= H-derivative =

In mathematics, the H-derivative is a notion of derivative in the study of abstract Wiener spaces and the Malliavin calculus.

==Definition==

Let $i : H \to E$ be an abstract Wiener space, and suppose that $F : E \to \mathbb{R}$ is differentiable.

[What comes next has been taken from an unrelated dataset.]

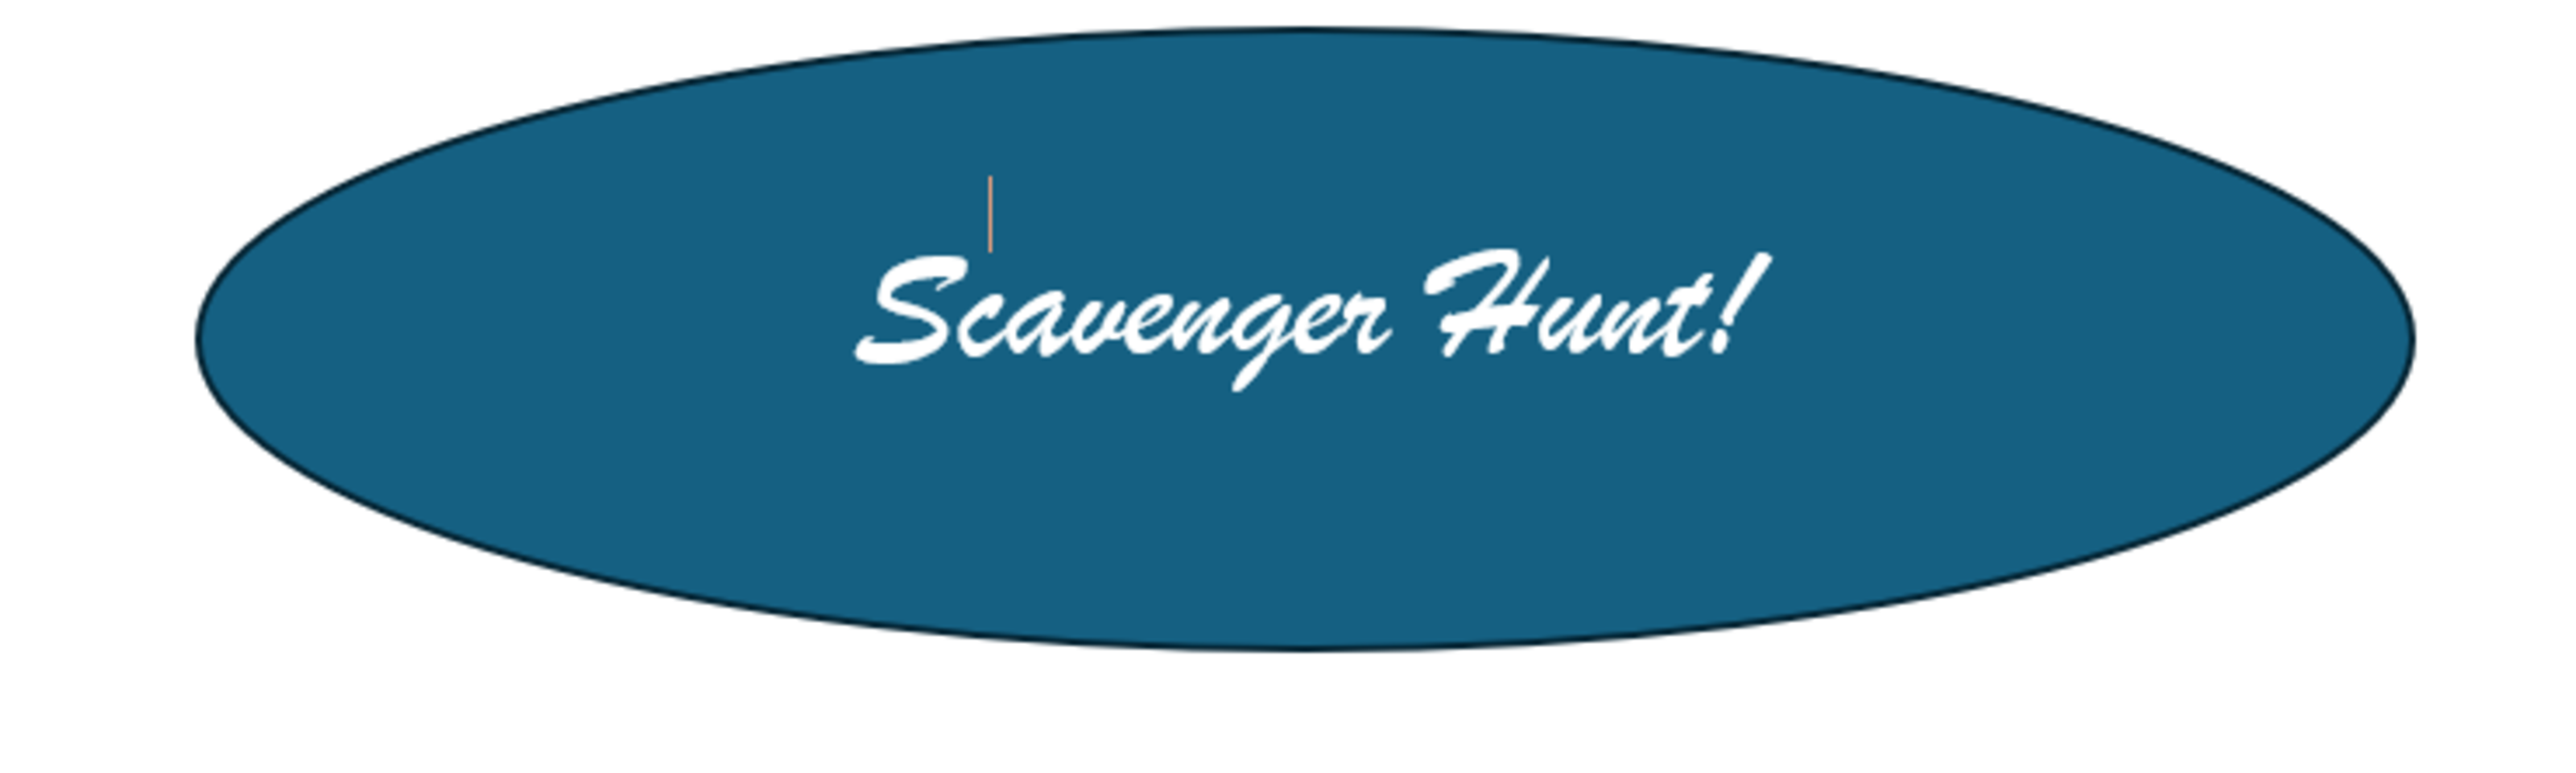 Summer Scavenger Hunt!

Then the Fréchet derivative is a map
$\mathrm{D} F : E \to \mathrm{Lin} (E; \mathbb{R})$;
i.e., for $x \in E$, $\mathrm{D} F (x)$ is an element of $E^{*}$, the dual space to $E$.

Therefore, define the $H$-derivative $\mathrm{D}_{H} F$ at $x \in E$ by
$\mathrm{D}_{H} F (x) := \mathrm{D} F (x) \circ i : H \to \R$,
a continuous linear map on $H$.

Define the $H$-gradient $\nabla_{H} F : E \to H$ by
$\langle \nabla_{H} F (x), h \rangle_{H} = \left( \mathrm{D}_{H} F \right) (x) (h) = \lim_{t \to 0} \frac{F (x + t i(h)) - F(x)}{t}$.
That is, if $j : E^{*} \to H$ denotes the adjoint of $i : H \to E$, we have $\nabla_{H} F (x) := j \left( \mathrm{D} F (x) \right)$.